Much attention has been paid to whether Congress will pass a health care bill before Christmas, a notion Imus deemed insane for both its impossibility and its foolishness.
"Wouldn't it be better for America that we get it done right?" Cantor asked, and pointed out that neither initial goal laid out by President Obama — to provide universal health care and to bend the cost curve — has been achieved so far.
"When this bill came out of the House, the only bipartisanship was in opposition to it," Cantor said. The Senate is now debating the bill, with little progress.
Imus surmised the President was in a rush because he'd like to raise his self-assigned grade from a B-plus to, hell, an A-plus! Cantor, however, gave him an incomplete.

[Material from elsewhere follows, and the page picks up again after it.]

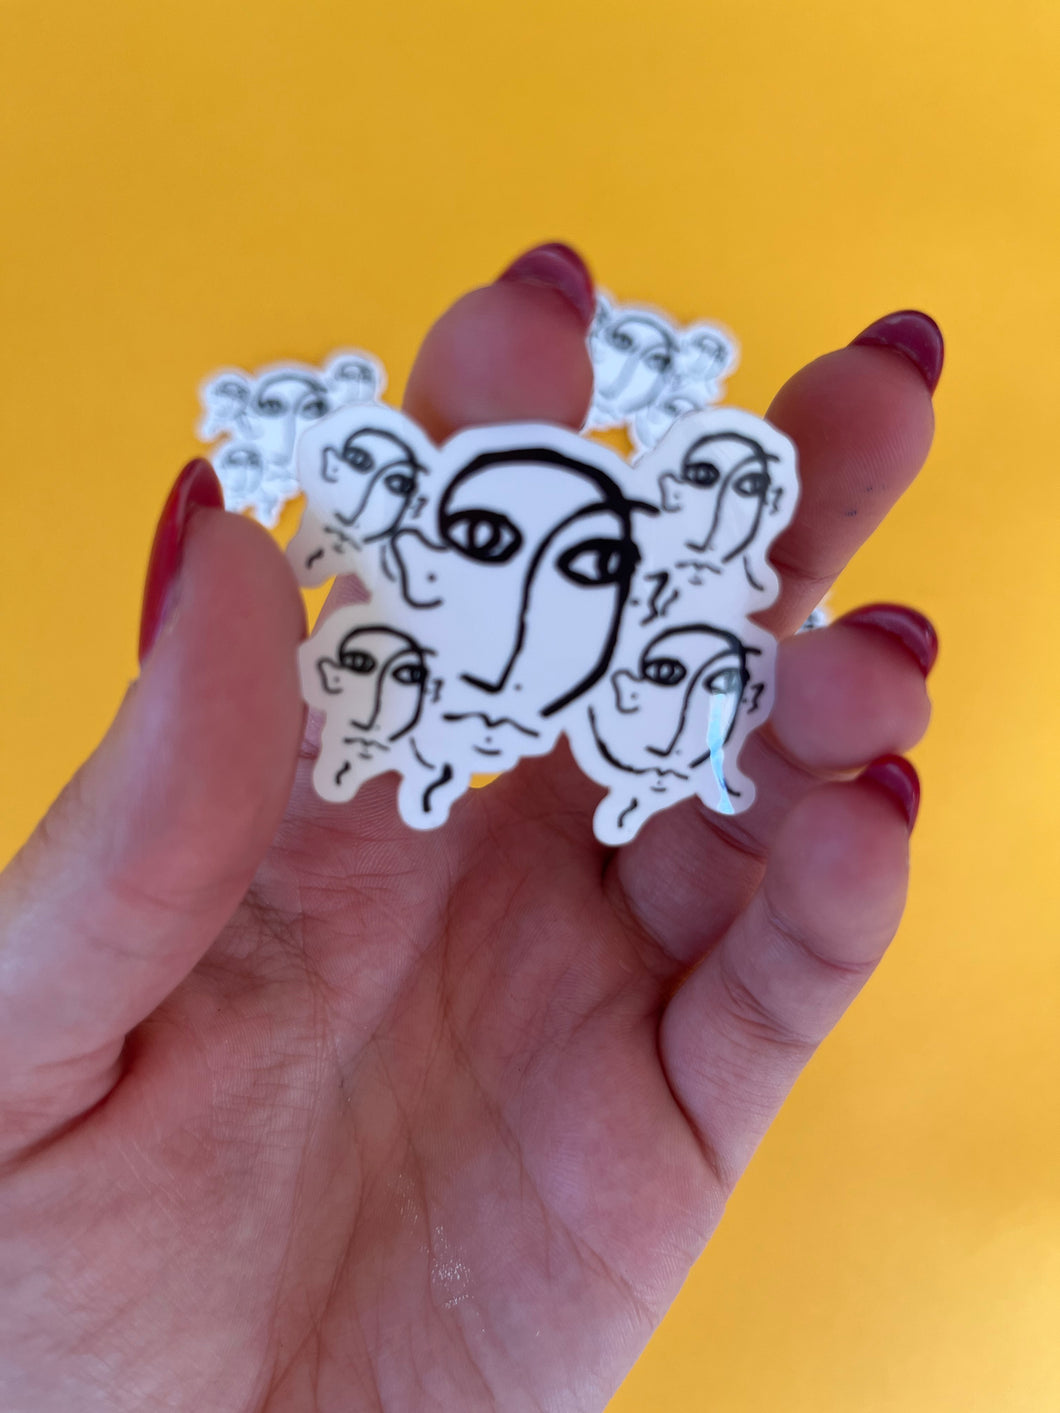 Faces on Faces Sticker

"Unemployment was never supposed to go over eight percent once we passed that $800 billion stimulus bill," he said. "As we know now, it's woefully off the mark — we've got 10 percent plus."

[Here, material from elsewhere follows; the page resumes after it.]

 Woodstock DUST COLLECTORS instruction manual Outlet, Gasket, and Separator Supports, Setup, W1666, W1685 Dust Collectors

Other promises Obama made, like executing fiscal prudence and creating jobs, have also not been kept. "I think he's doing the wrong things for the right reasons," Cantor said. "I think in his heart, he wants a better life for Americans, he is just going about it completely the wrong way."
Rather than tackle job or wealth creation, Obama has been "trying to provide more safety nets, trying to take from those who've been able to create wealth and opportunity, and redistribute it," said Cantor. "That's not the America that any of us know."
He thinks the administration is distracted, citing as an example this past Sunday, when, on two different news shows, one White House economic advisor said on that the recession was over, and another said that it most certainly was not.
But, back to Imus, who needed to know whether his guest had any designs on higher office. Told Cantor was "focused" on his role in the House, Imus had some inspiring words for the young Congressman.
"If you don't have aspirations for something better," he said, "There isn't any reason for us to hook our wagon to your star."